Given the fluid nature of these markets, it makes little sense to rely on obsolete antitrust regulations not substantively revised since 1992. The idea that a Google-DoubleClick merger will suppress competition is built on the outdated and faulty premise that new competitors can only displace Google by replicating the Google model. The next revolution in Internet advertising will succeed by creating a new model, and a better product.

Critics argue that even the most revolutionary new product could never catch up with a combined Google-Doubleclick. These critics do not comprehend how rapidly information spreads in the digital marketplace. Consider the meteoric rise of Facebook, a social networking newcomer which currently adds more than 200,000 users a day.

At this rate, it would take only four years for every man, woman, and child in America to have a Facebook account. The revelation in late September that Microsoft is seeking a stake in Facebook to create a new Internet advertising platform only further demonstrates that Google’s "monopoly" in this market is tenuous.

Even though the potential clearly exists for competitors to thrive in Internet advertising, opponents of the merger argue that Google will engage in anticompetitive business practices such as price gouging or price fixing. Google’s business model, however, precludes this behavior.

Advertisement space is sold at auction, ensuring that the highest bidder always pays a fair market price. While DoubleClick could raise prices, the consequences would be significant. If DoubleClick raised its fees by just 10 percent, a majority of online advertisers would shift some or all of their business to Google-DoubleClick’s rivals, according to a survey released last week.

These rivals are poised to welcome any disgruntled Google-DoubleClick customers. In a demonstration of market versatility, Microsoft and Yahoo each purchased a leading DoubleClick competitor within five weeks of Google’s announcement. These competitors are not fighting only to steal Google’s existing customers, as would be expected in a true monopoly, but also seek to attract a vast untapped pool of new customers. Internet advertising accounts for only six percent of total advertising, yet revenues have tripled in the past five years. Clearly, there is ample room for growth in this rapidly expanding market.

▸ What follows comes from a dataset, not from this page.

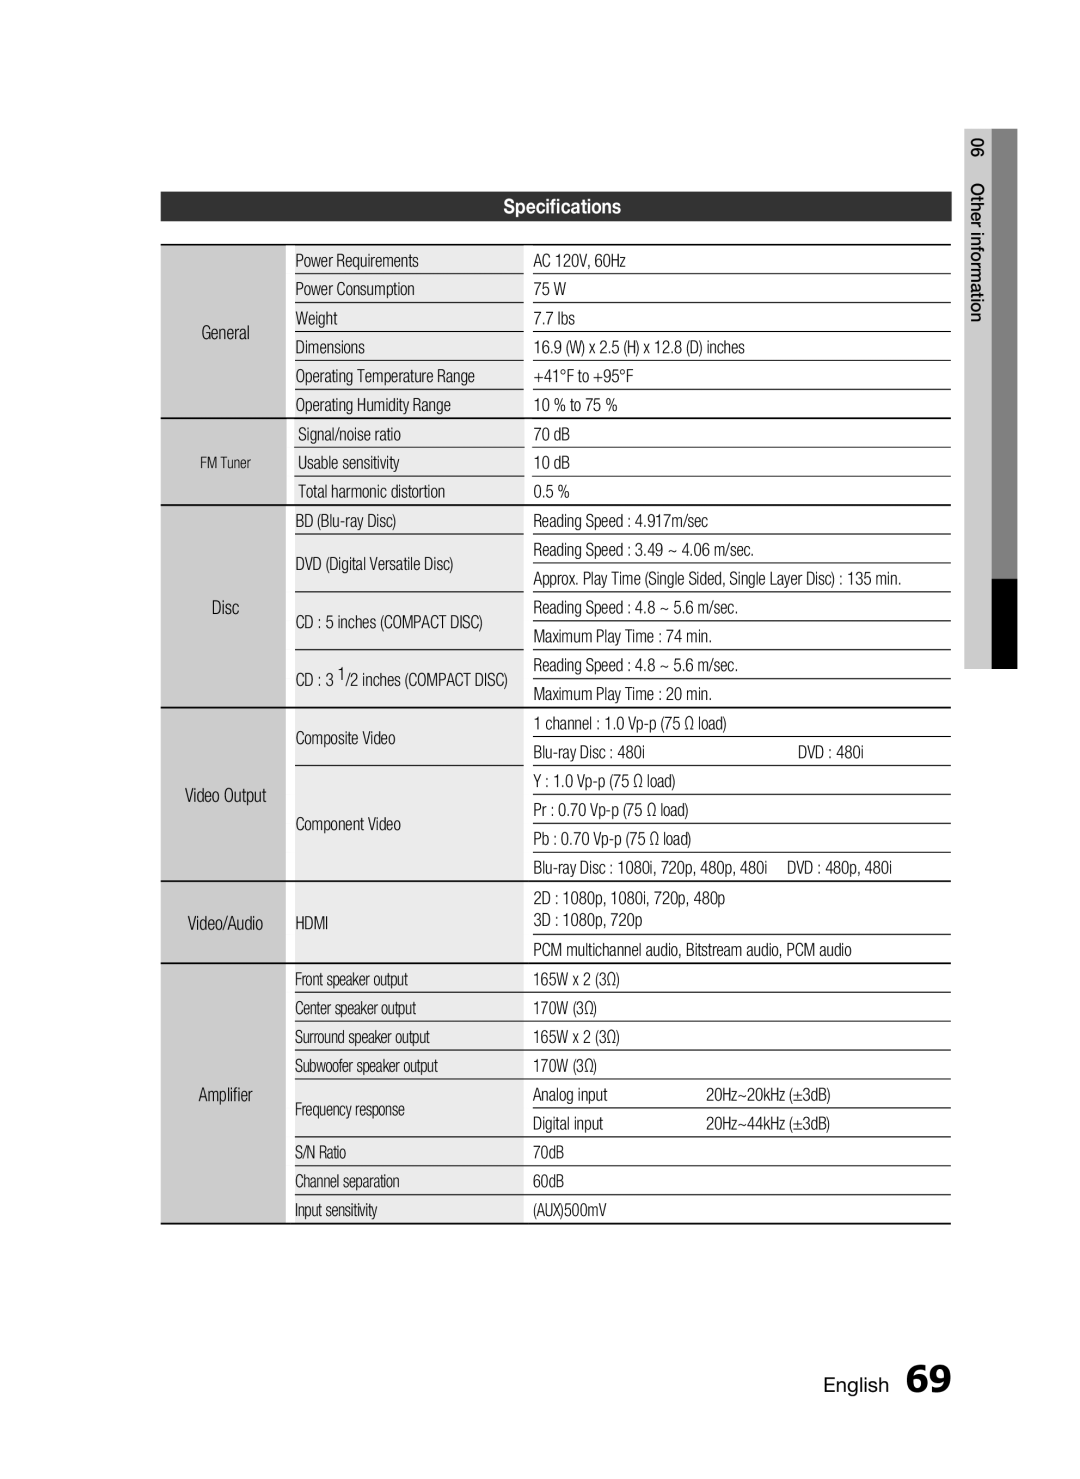 Samsung C6600 user manual Speciﬁcations, English

The phenomenal growth of the Internet economy is a product of its unique qualities: low initial investment, quick spread of information, and rapidly changing and evolving markets. These factors make leading companies inherently vulnerable to competition, and discourage the establishment of true monopolies.

The FTC will only impede the growth of e-commerce by subjecting it to obsolete guidelines and assumptions. In the time it takes regulators to complete an expanded pre-merger investigation, YouTube grew from 58,000 monthly visitors to more than 20 million.

The rush to label Google a monopoly threatens to force a rapidly evolving and innovative marketplace to move at the speed of government. By any standard, that is too slow. The next real challenge to Google’s dominance should come from a garage in Silicon Valley, not a bureaucrat’s office in Washington.


Daniel Ballon is a Fellow in technology studies at the Pacific Research Institute in San Francisco.